(Problem statement):
Would you reproduce the whole listing exactly, minus its images?

(Collected data):
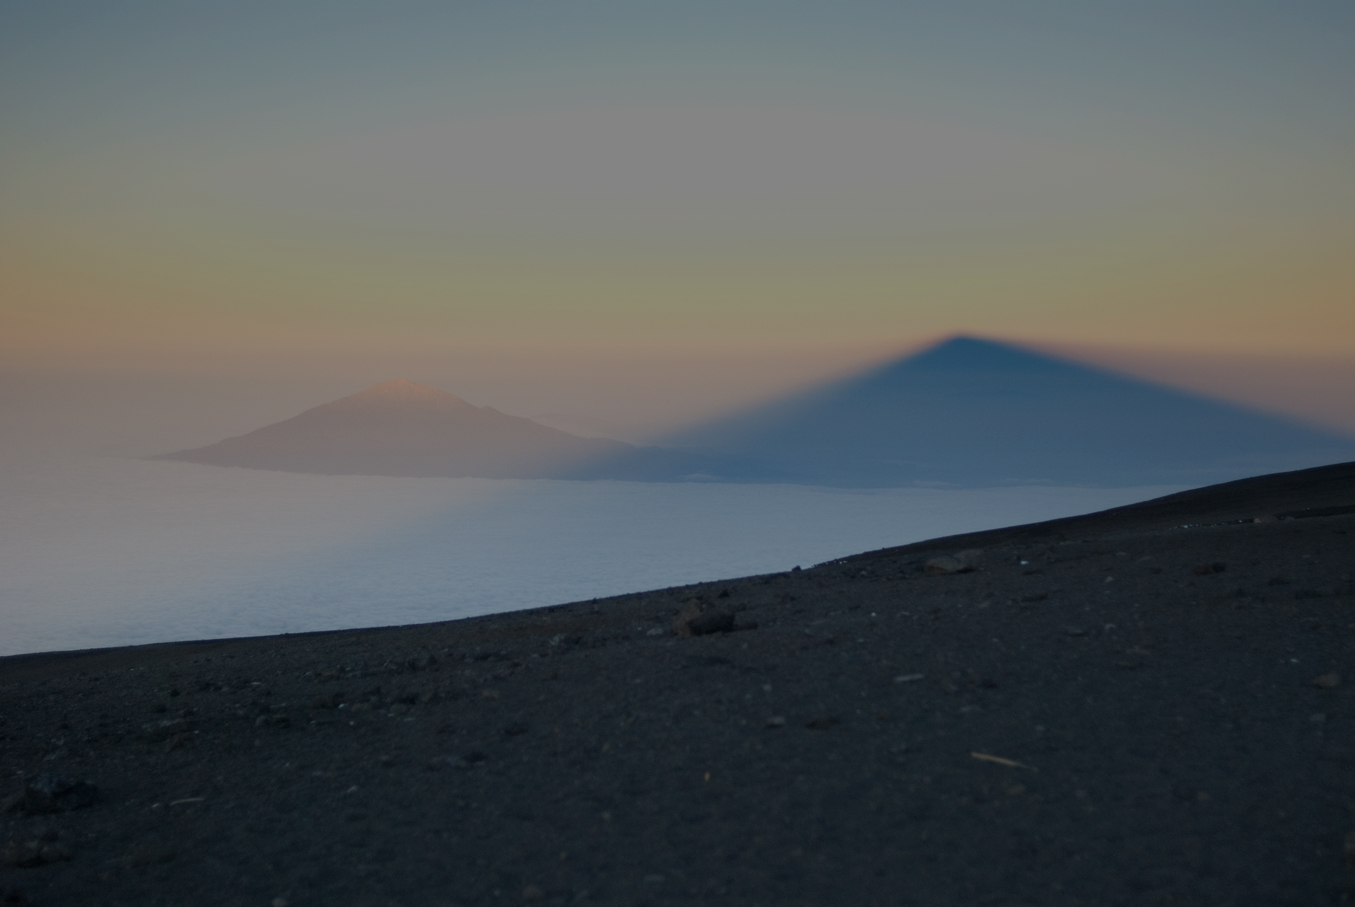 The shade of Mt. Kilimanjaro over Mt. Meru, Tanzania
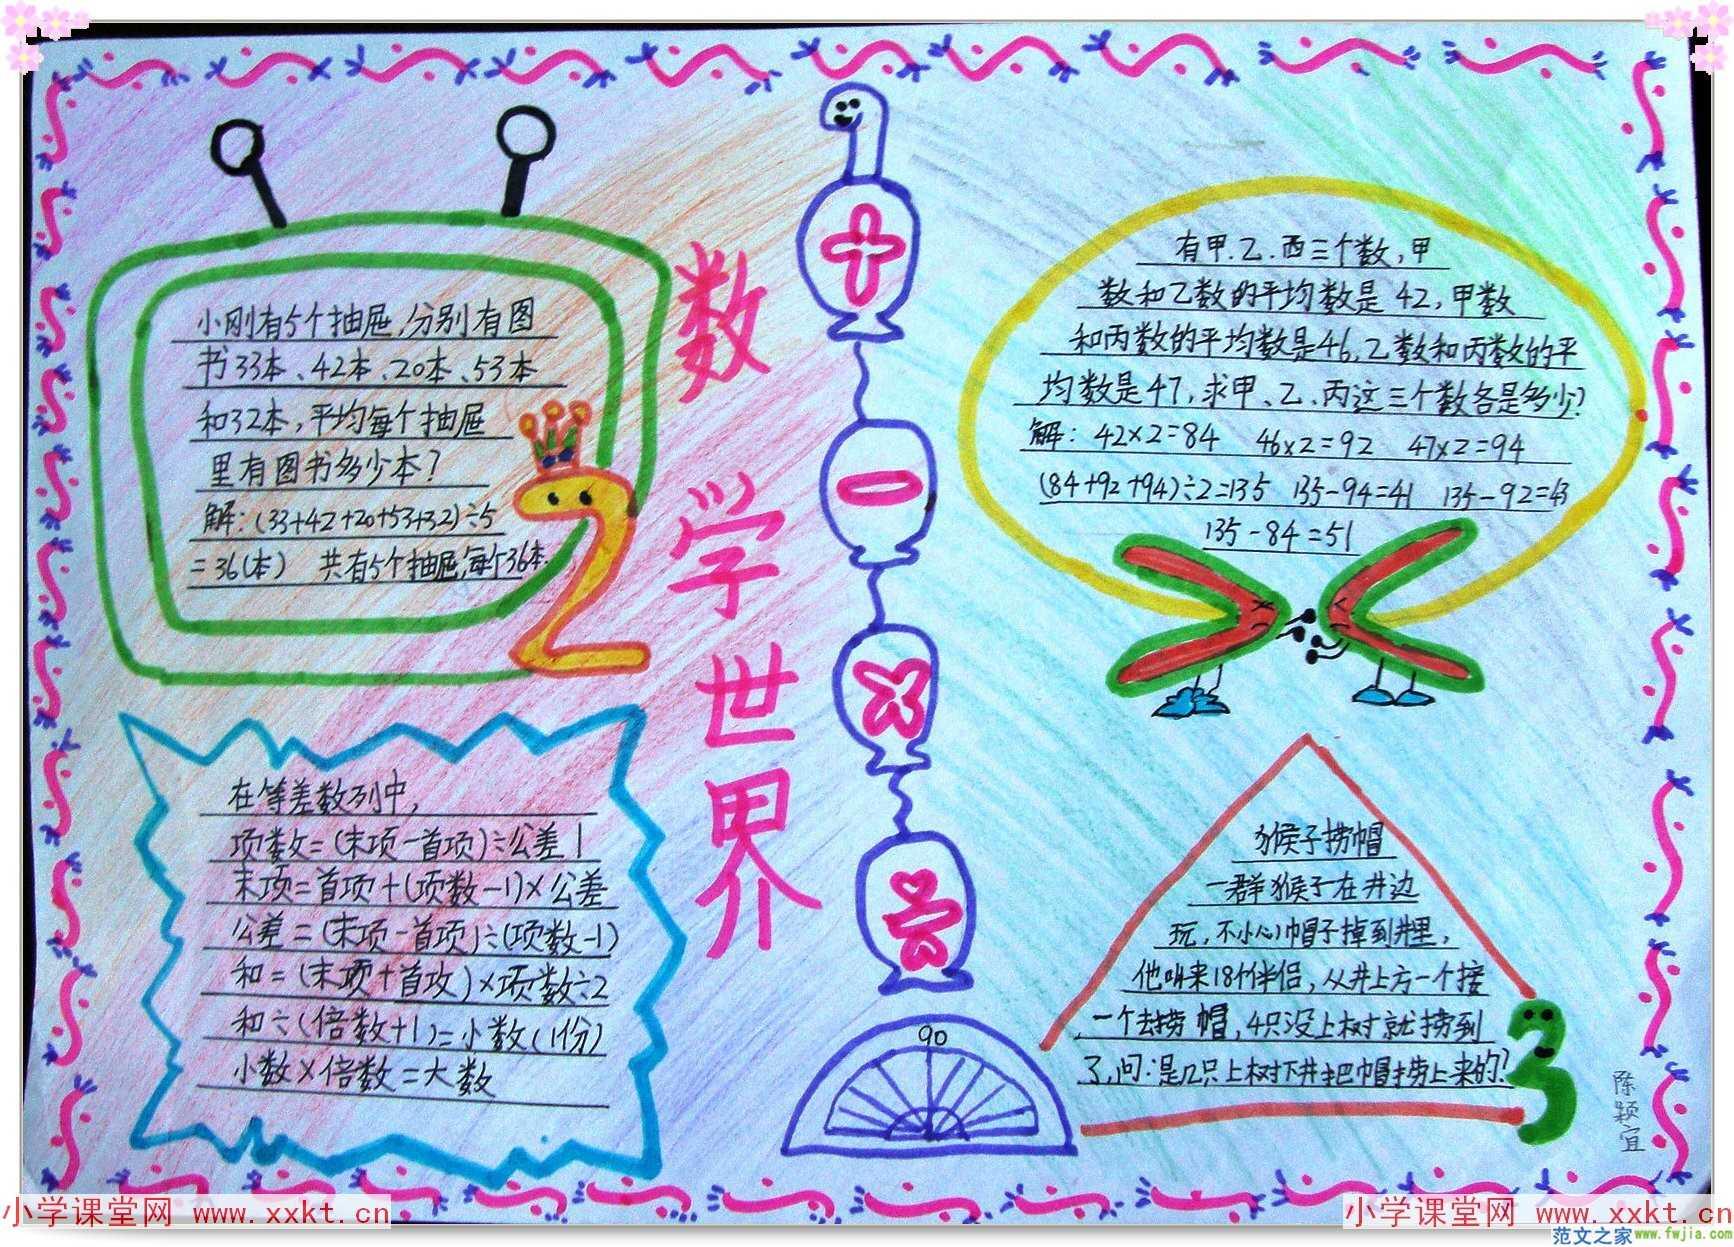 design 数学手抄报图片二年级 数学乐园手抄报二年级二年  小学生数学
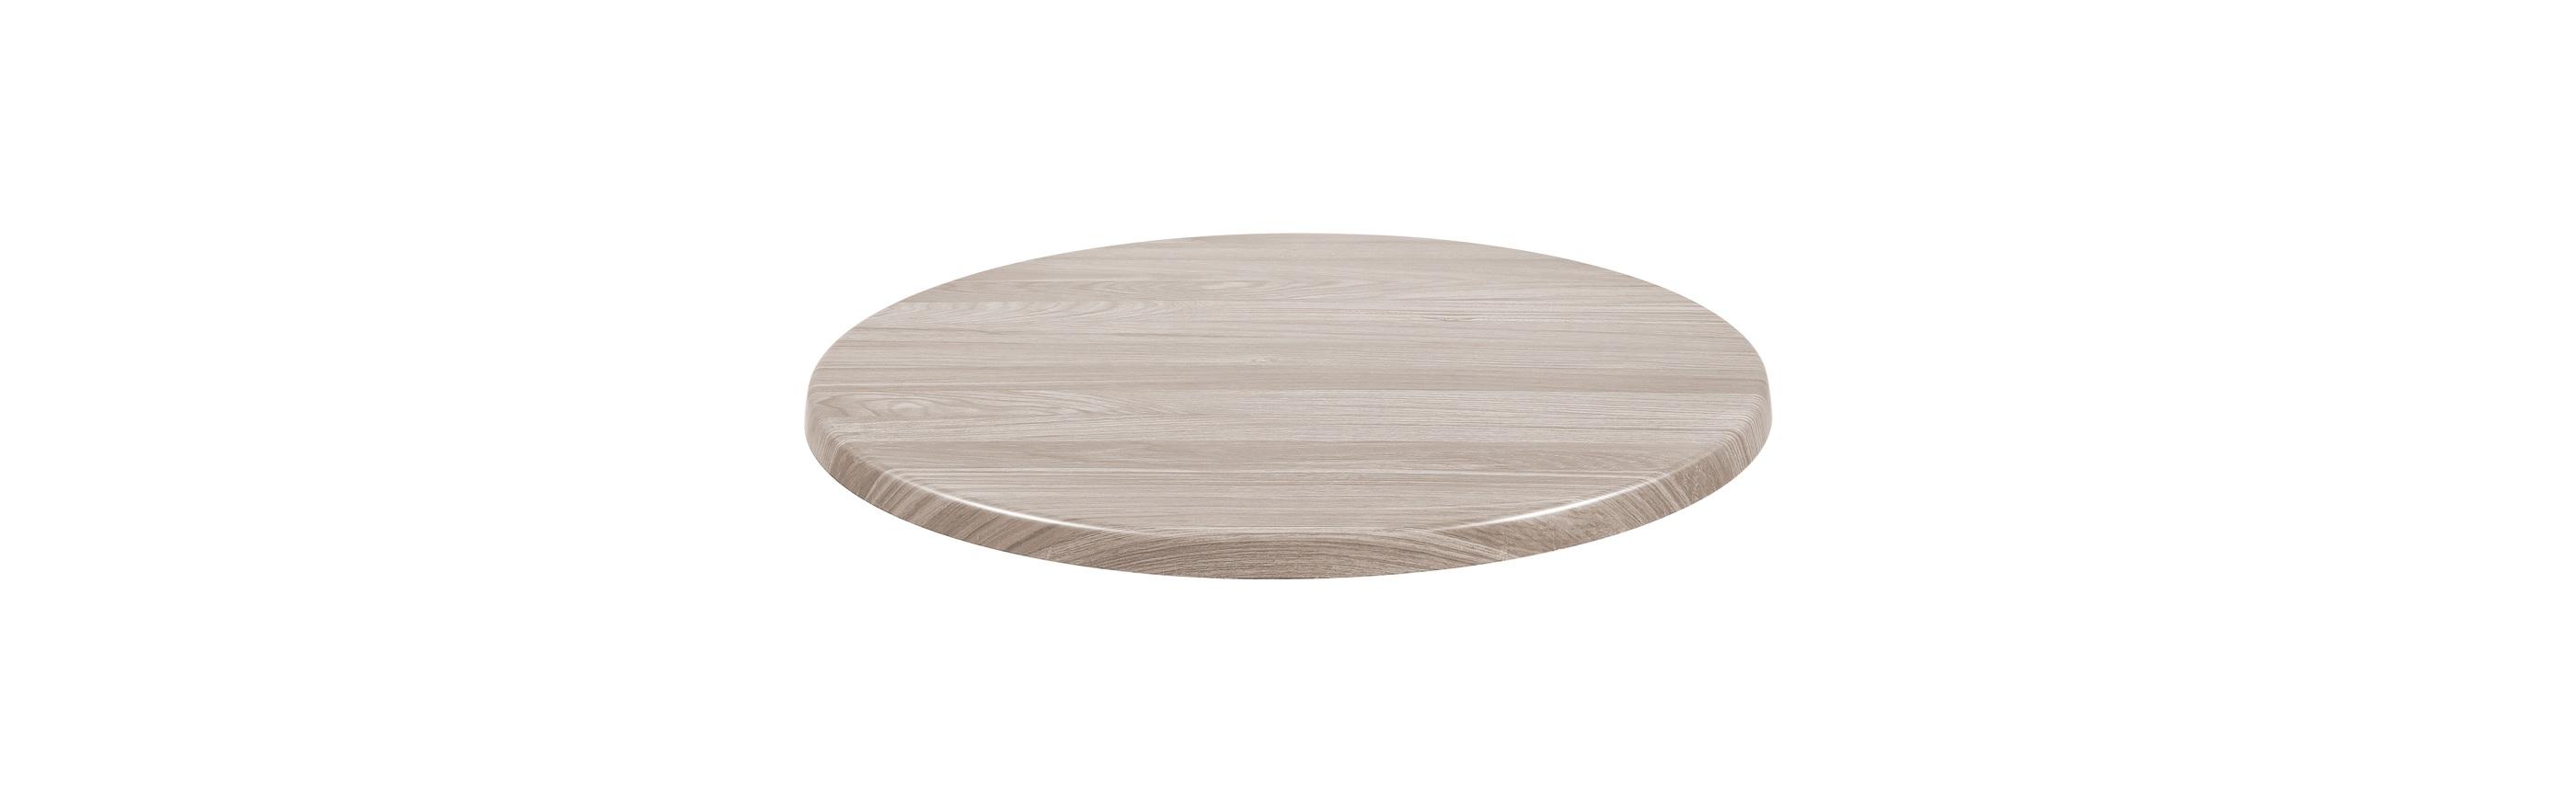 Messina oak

(Solution to this exercise):
 The shade of Mt. Kilimanjaro over Mt. Meru, Tanzania
 design 数学手抄报图片二年级 数学乐园手抄报二年级二年  小学生数学
 Messina oak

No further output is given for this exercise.